* _WHAT YOU ARE ASKED TO DO_: Copy out the data from the line containing "mini-fridge-1" to its last line, exactly. No pictures.

[Records from a data collection]
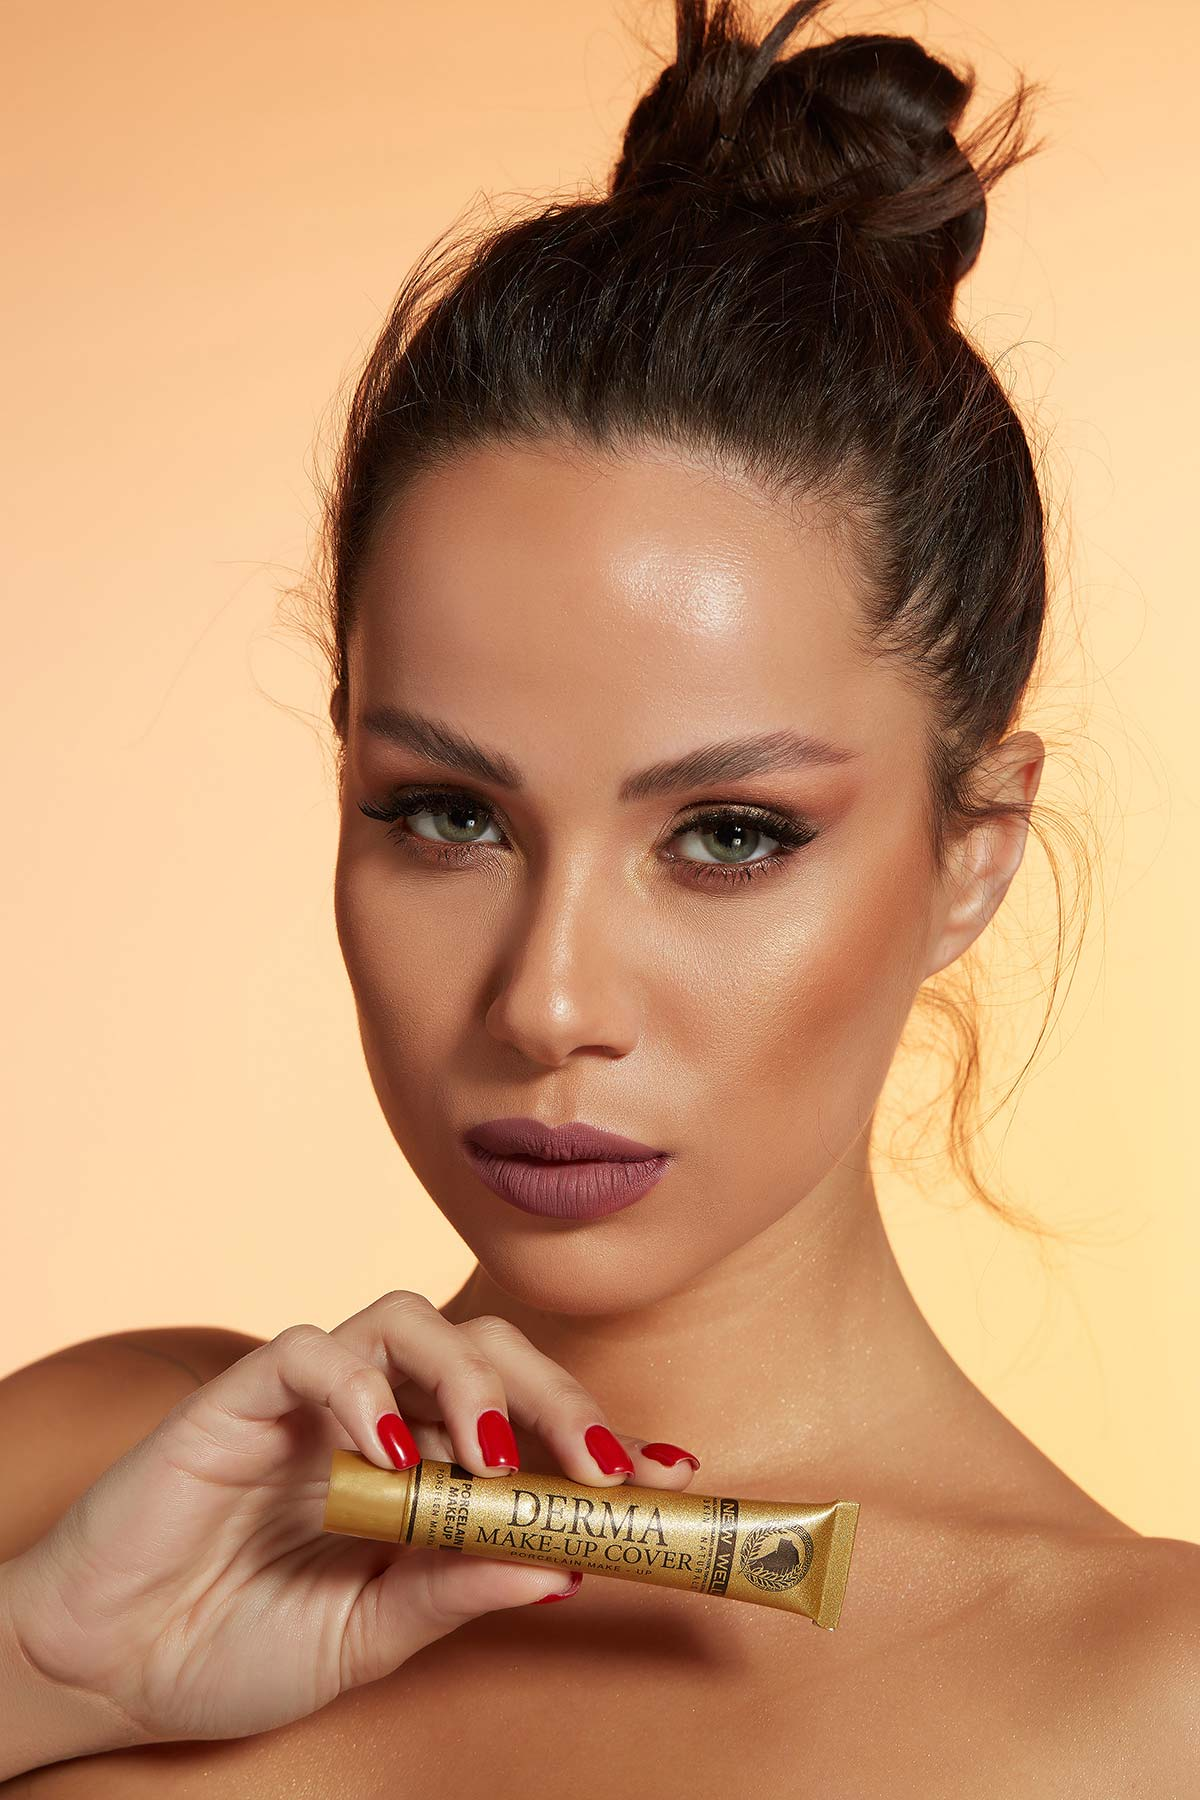 Derma Make-Up Cover Foundation - Gold -Fondöten - Foundation
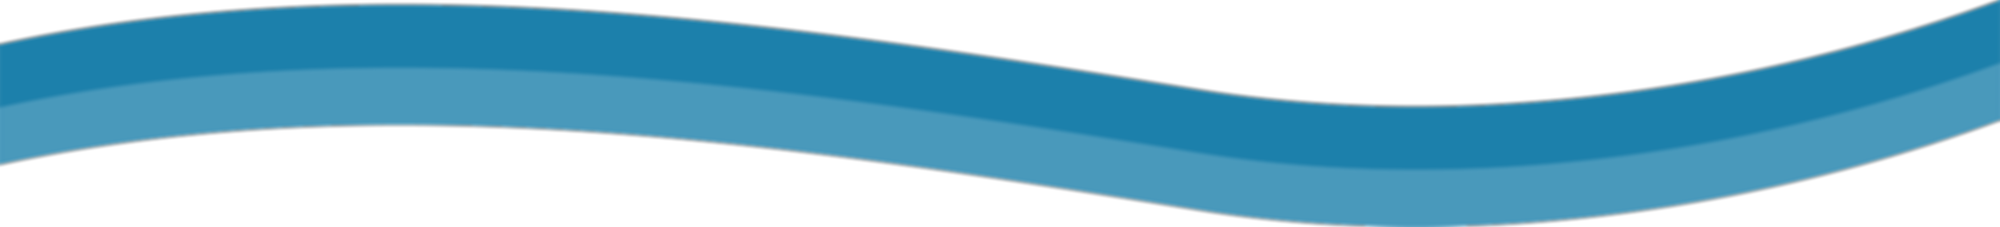 clipart-wave-divider-3.png
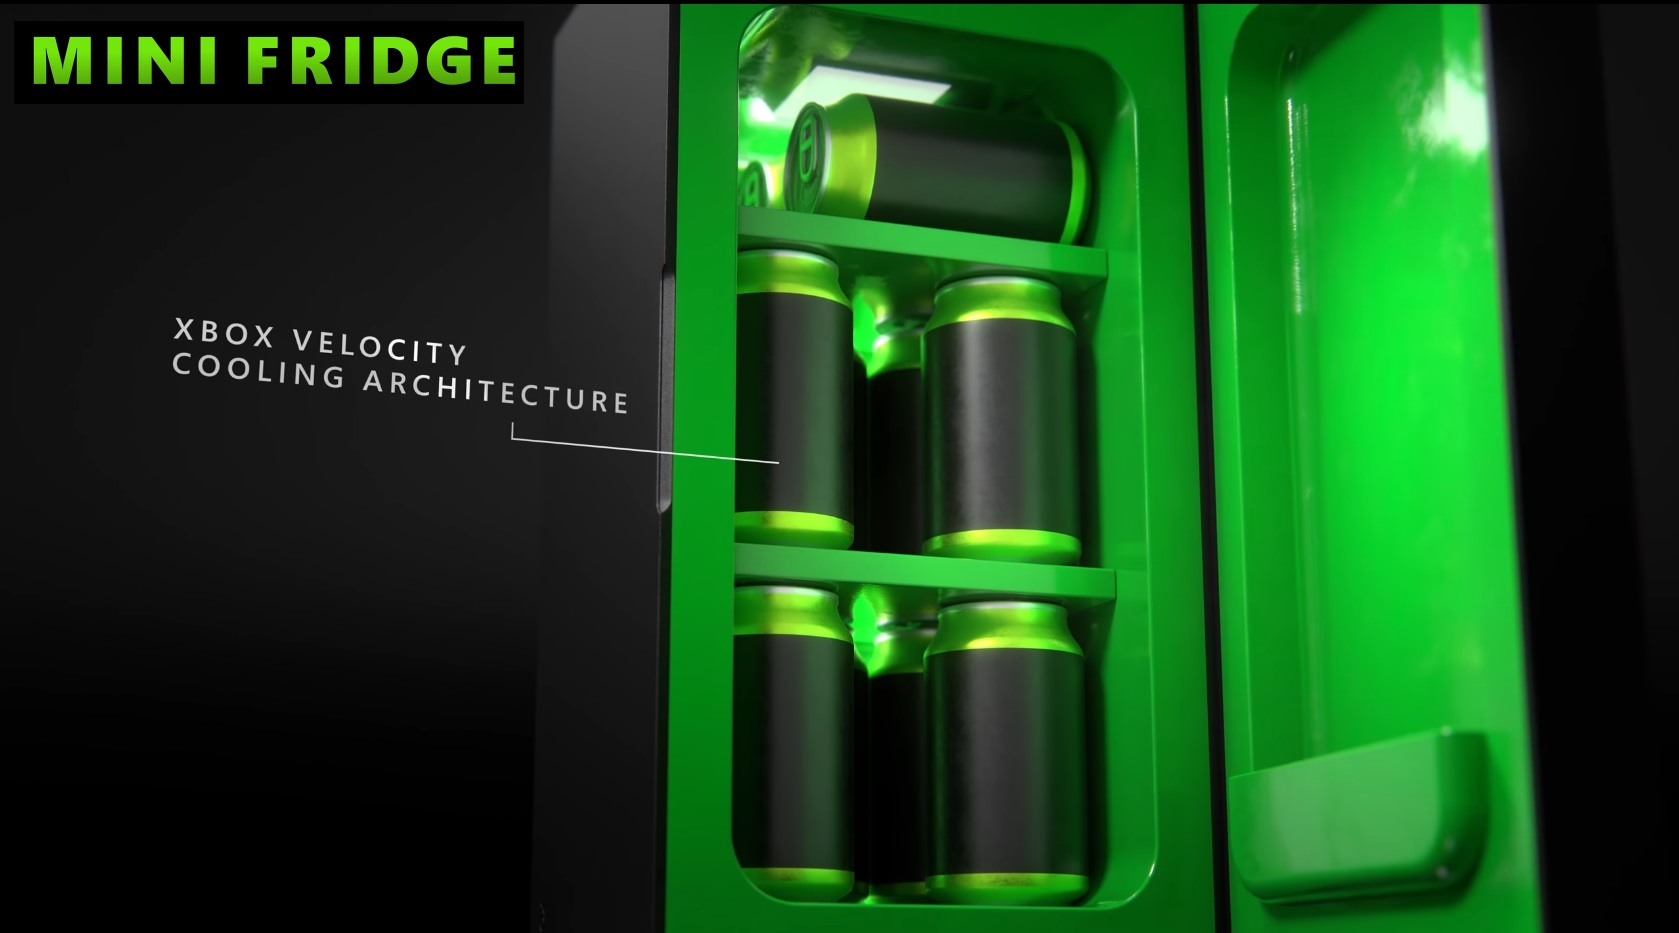 mini-fridge-1
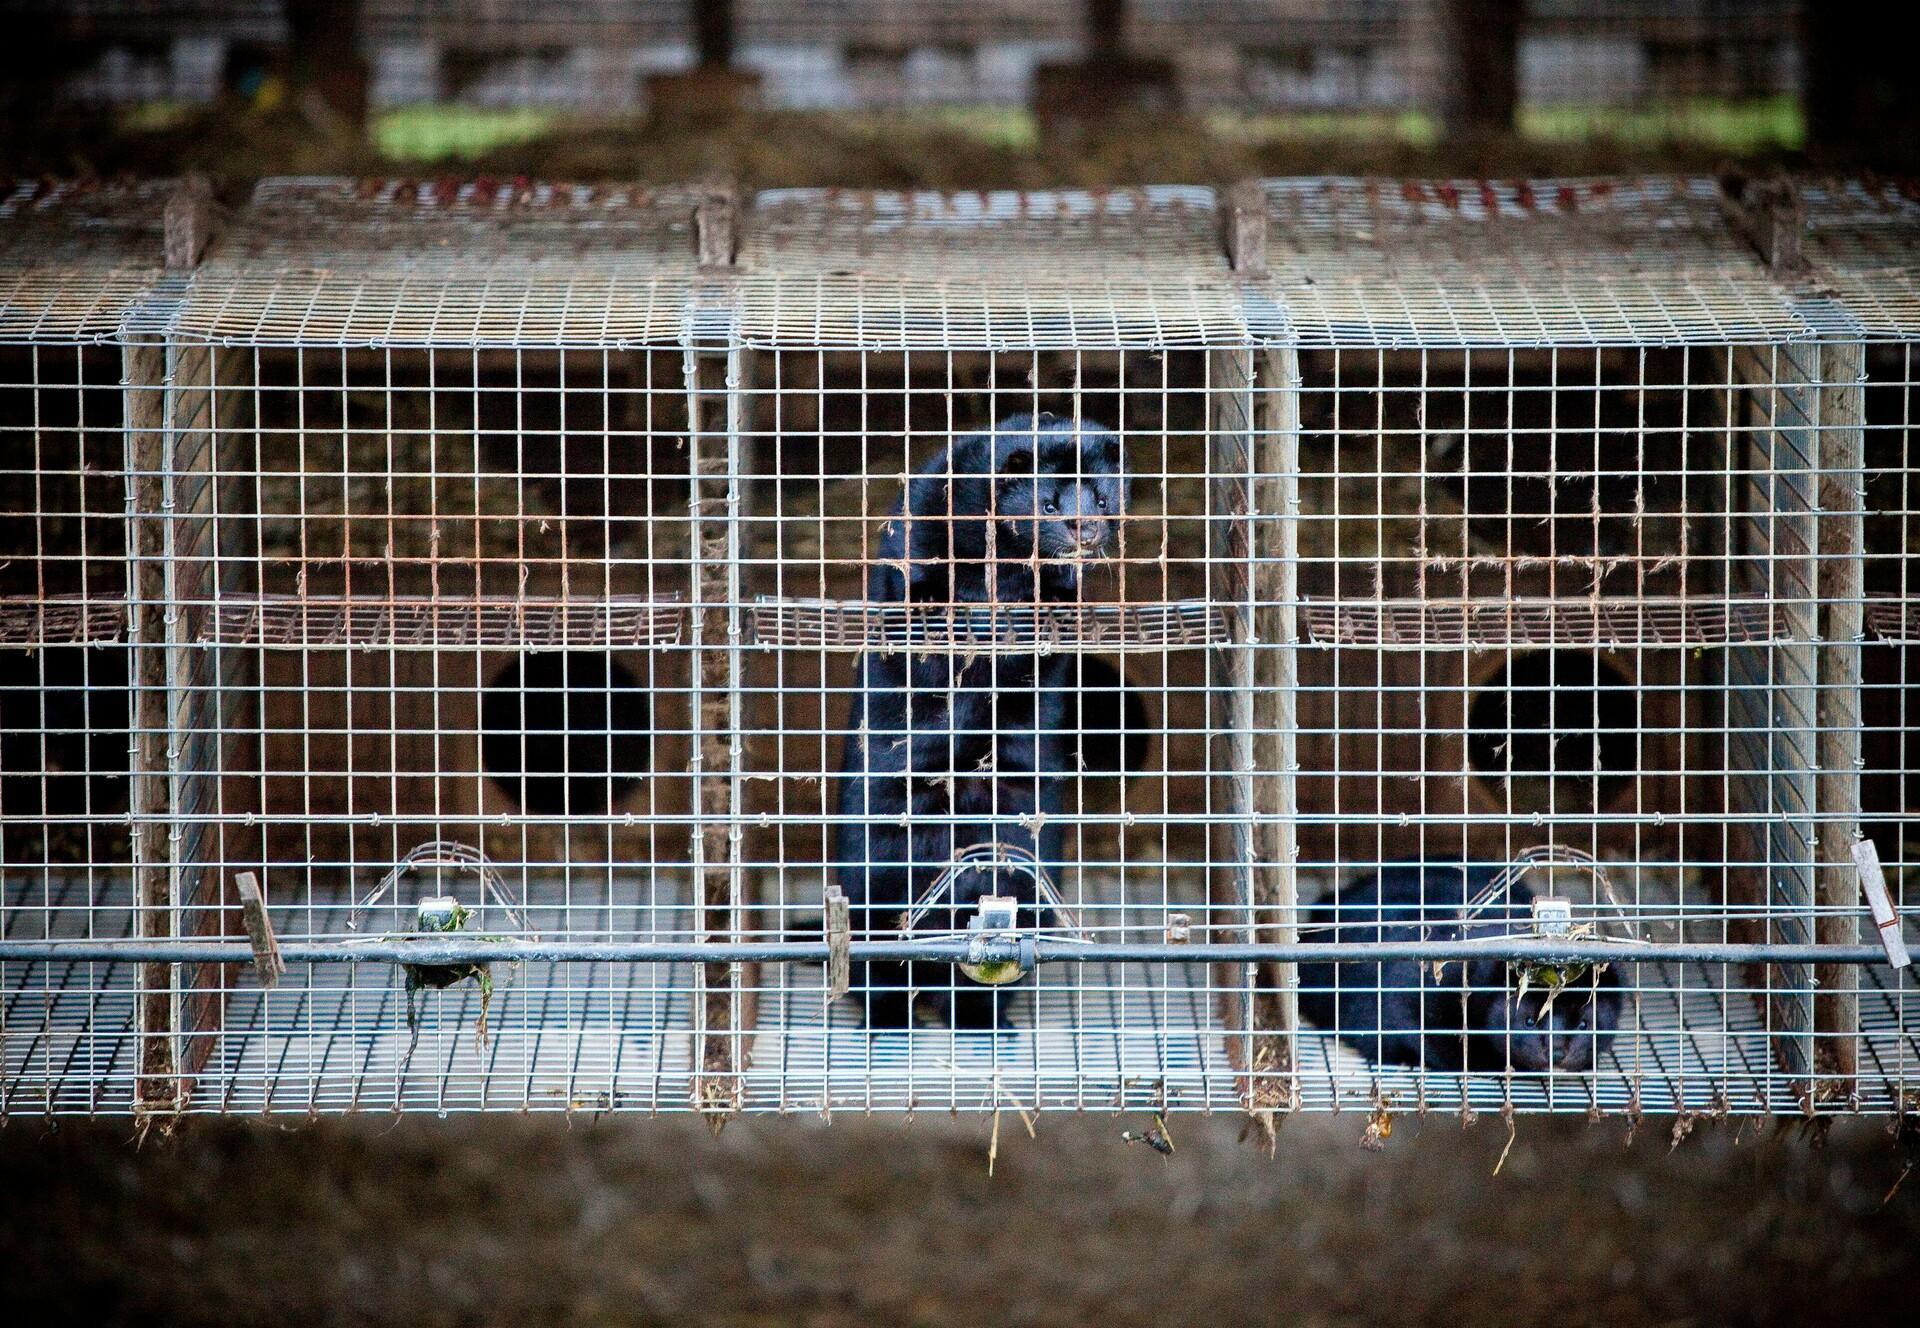 Minks at fur farm in Germany
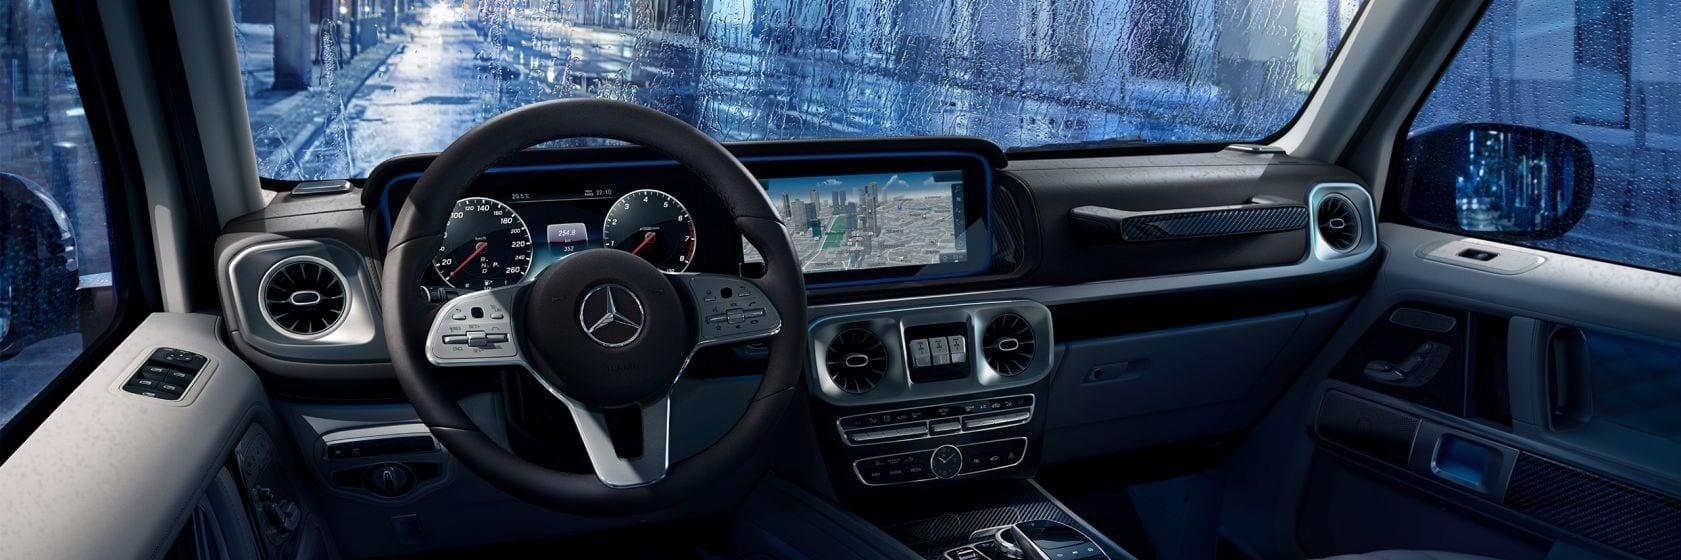 Комфорт Mercedes-Benz G-Class
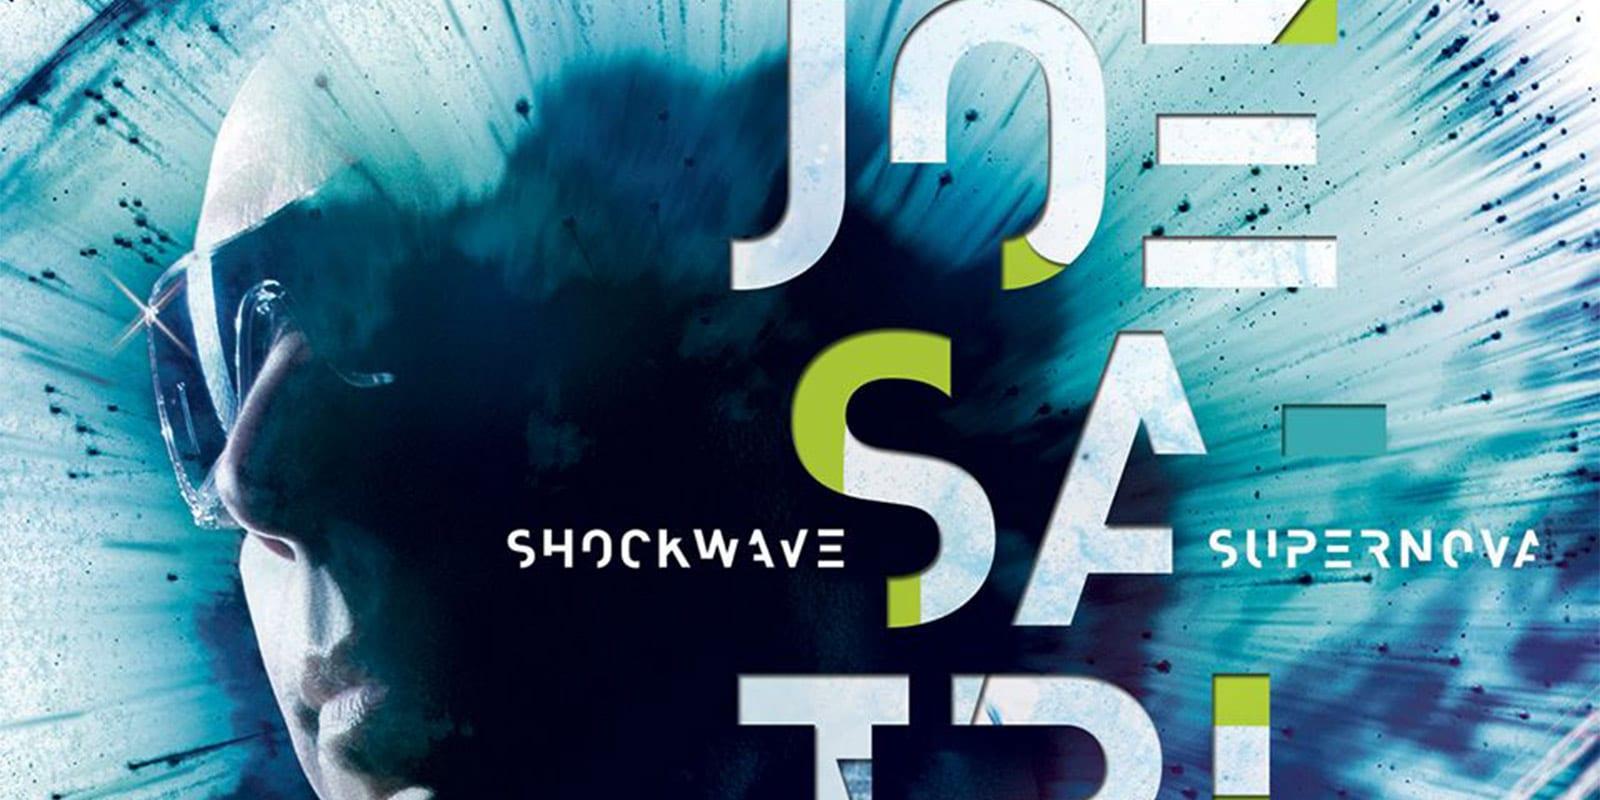 joe satriani shockwave supernova album cover 2015

* _EXERCISE RESPONSE_:
 mini-fridge-1
 Minks at fur farm in Germany
 Комфорт Mercedes-Benz G-Class
 joe satriani shockwave supernova album cover 2015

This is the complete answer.